Taiwan Semiconductor Manufacturing Co (TSMC), “invited” by the US government on many occasions, on Friday last week announced plans to build a 5-nanometer fab in Arizona by next year.
US Secretary of State Mike Pompeo welcomed the news immediately and the New York Times has called this development a victory for US President Donald Trump.
The Trump administration has, on many occasions, asked TSMC, considered the pride of Taiwan, to set up a fab in the US. Now that the idea is to be realized, it has been met with much approval in the US.
The project not only makes Taiwanese proud, but also highlights the pressure that many countries, and even companies, felt on being asked to choose sides in light of the US-China cold war.
Trump took office on the back of his slogan to “make America great again,” and this has remained central to his administration and for his re-election campaign. With this is mind, the US is determined to confront any forces head-on that challenge or hinder its dominance.
This is the reason behind a US-China trade war and the “free and open” Indo-Pacific strategy: It is clear for all to see that the US is intent on counterbalancing or weakening China’s influence.
With the COVID-19 pandemic, which started in China, spreading worldwide and causing millions of deaths or illness, the heavy price the US is paying has only made the Trump administration more determined to carry out its policy of decoupling from China. Urging TSMC to set up a fab in the US is part of this strategy.
Therefore, TSMC’s move to build a fab in the US is not just a matter of fulfilling financial or industrial supply chain needs. From the viewpoint of international strategy, it highlights the following aspects:
First, at the global level, the competition between the US and China, two major world powers, has entered the “Thucydides trap,” so it is foreseeable that the struggle between the two will continue. Under such circumstances, other countries and even international organizations would also be under pressure to choose a side.
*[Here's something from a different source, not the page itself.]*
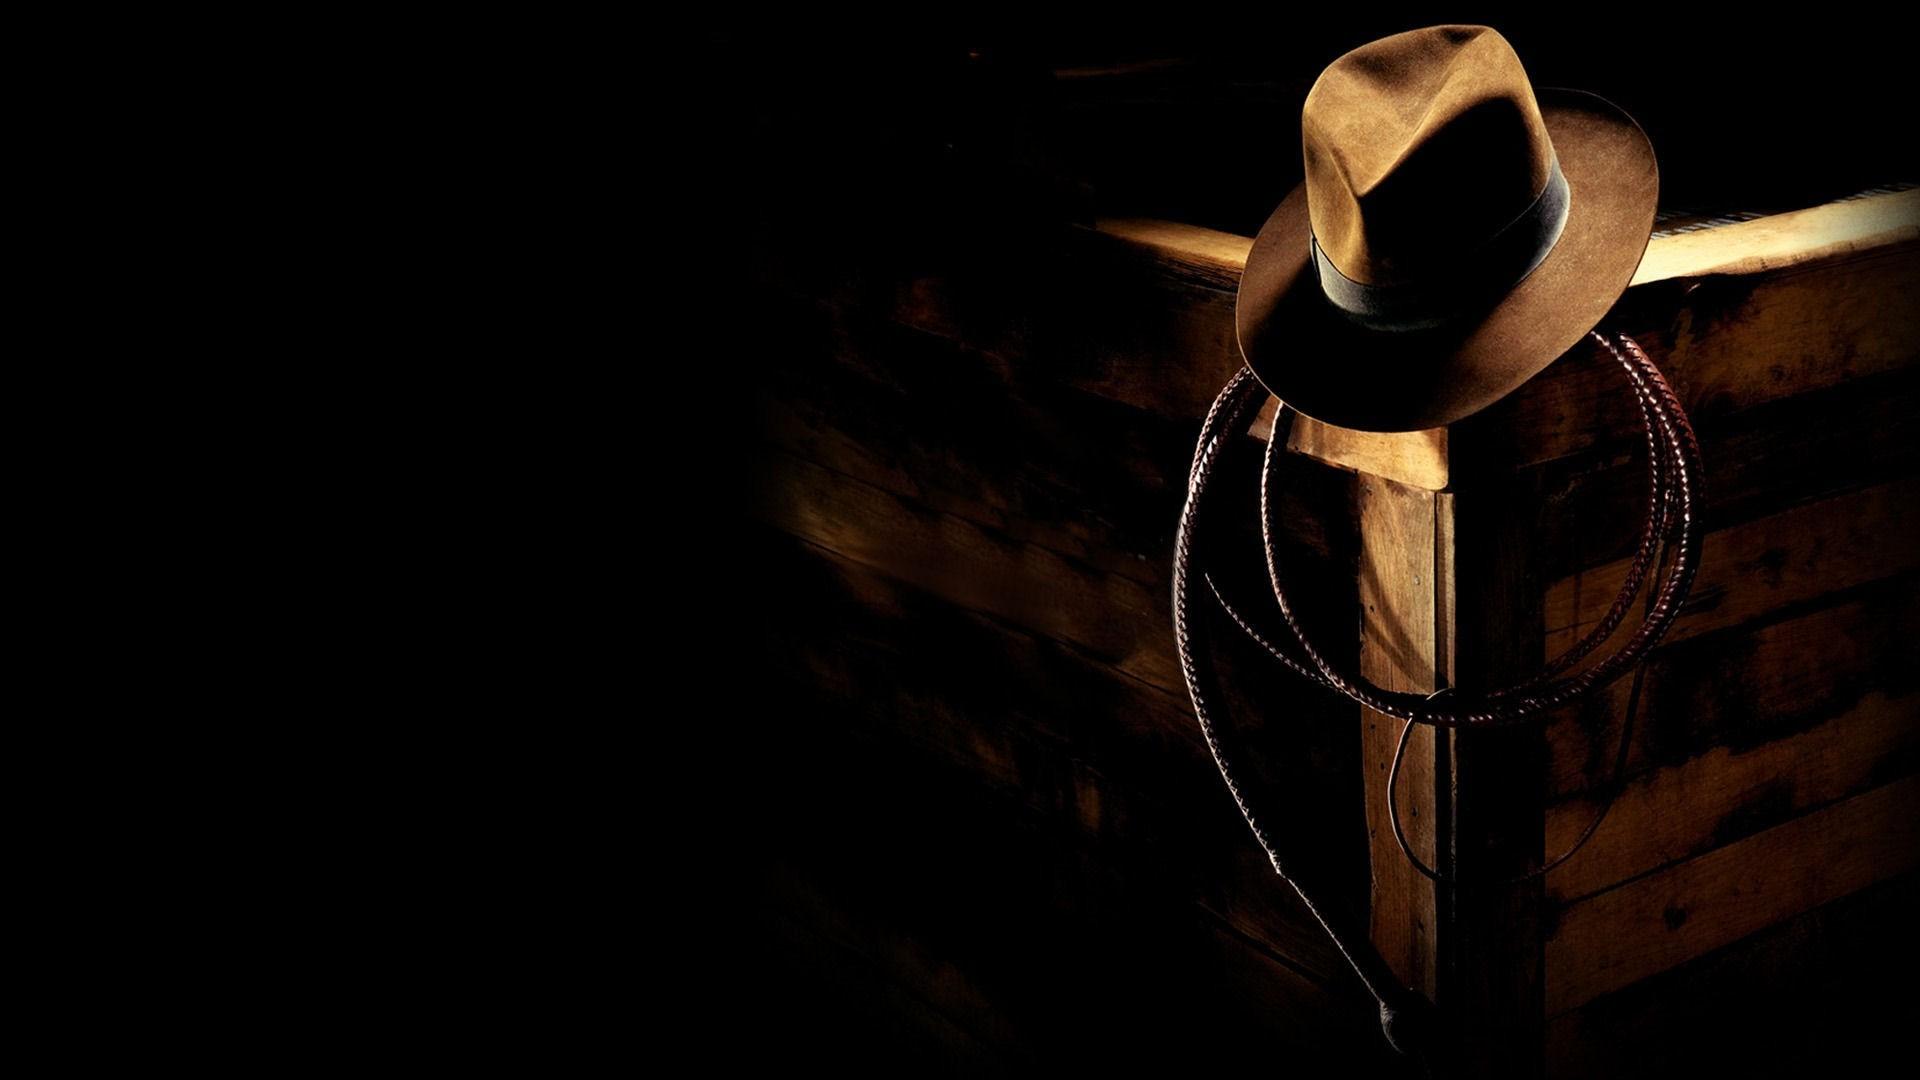 Indiana Jones And The Fate Of Atlantis Full HD Wallpaper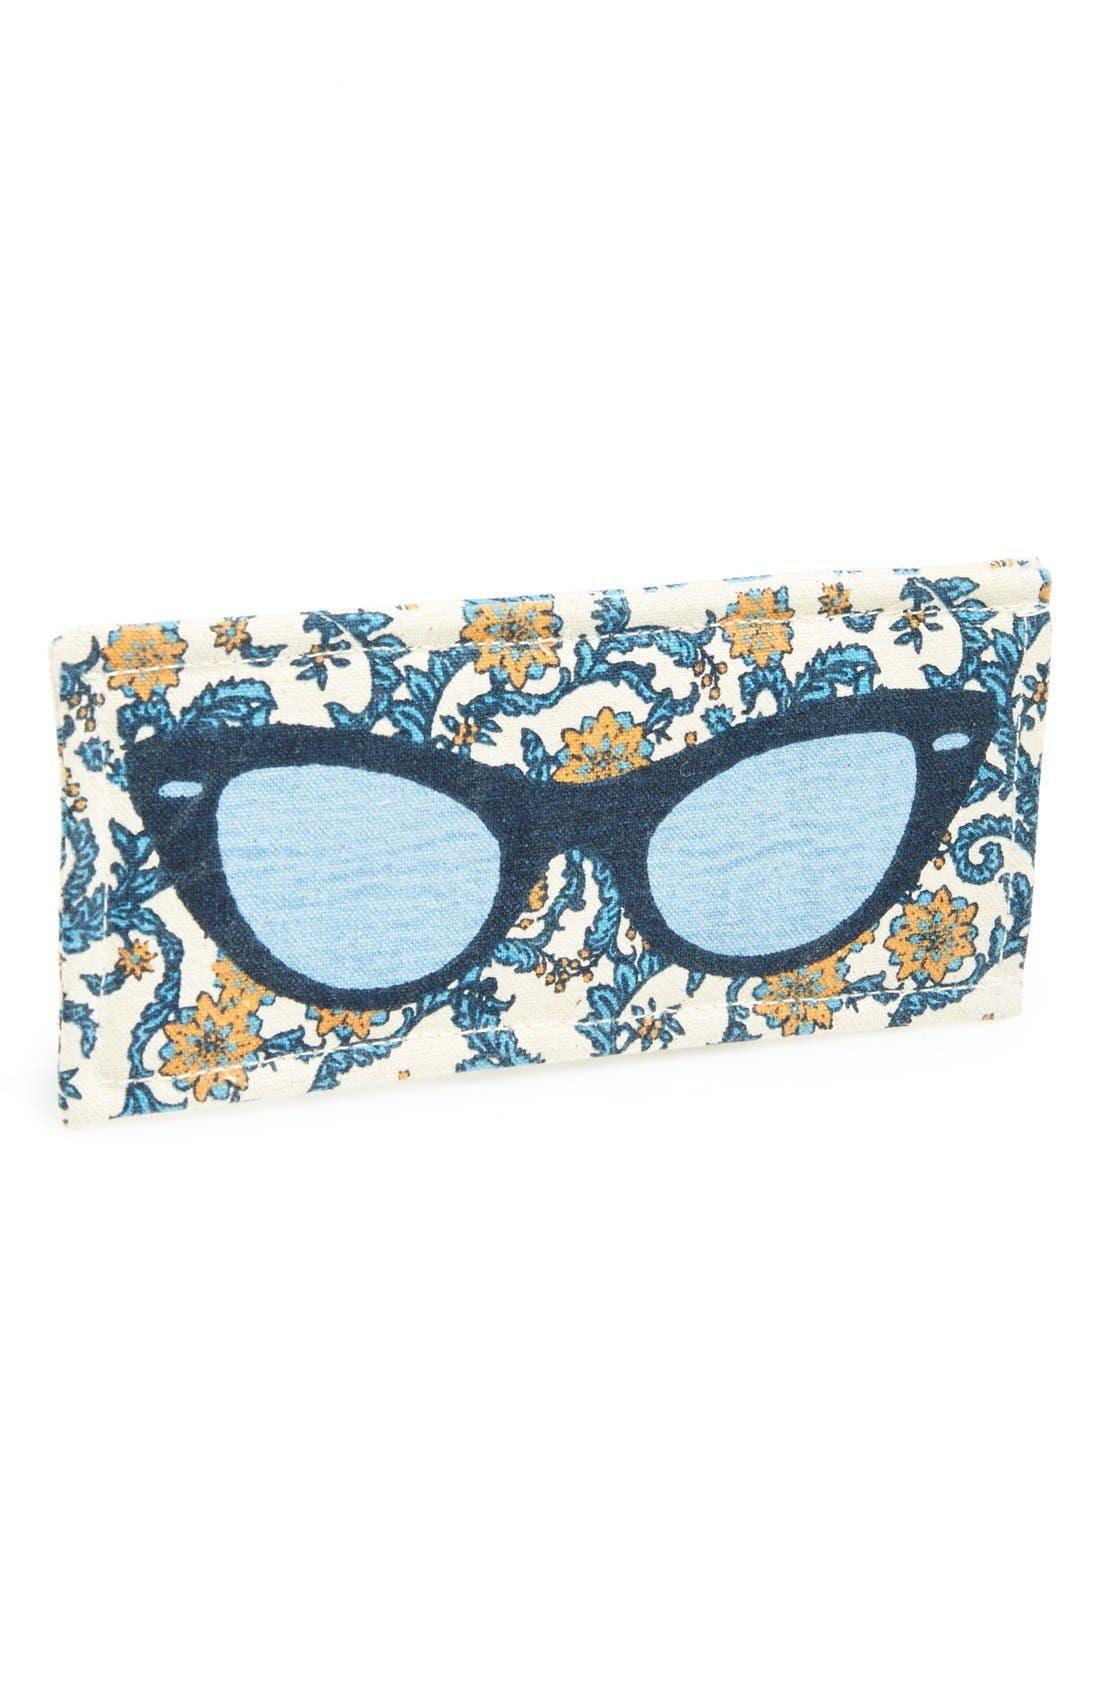 Main Image - Thomas Paul 'Lucy' Sunglasses Case

Second, from the perspective of international competition, in order to compete for dominance, the US and China are taking all possible measures and policy tools to ensure their self-sufficiency in the supply chains of the scientific, technological, military and economic industries, and to weaken their counterpart’s advantages.
Third, at the individual level, Trump and Chinese President Xi Jinping (習近平) both face challenges at home and abroad, such as economic downturns, and responsibility and accountability during the pandemic, and these will be key factors determining whether they can remain in power.
It is not surprising that Trump and Xi have continued their struggle for power. Following its establishment of a fab in China in 2016, TSMC is also to set up a fab in the US next year.
As the saying goes, “a falling leaf indicates the coming of the fall.” This is one concrete example of the confrontation between the US and China.
In the same vein, as some question President Tsai Ing-wen’s (蔡英文) administration for being pro-US and for intentionally desinicizing Taiwan, instead of balancing the two powers, TSMC’s choice is self-evident.
Paul Lei is a veteran media worker and has a master’s degree from National Chung Cheng University’s Graduate Institute of Strategic and International Affairs Studies.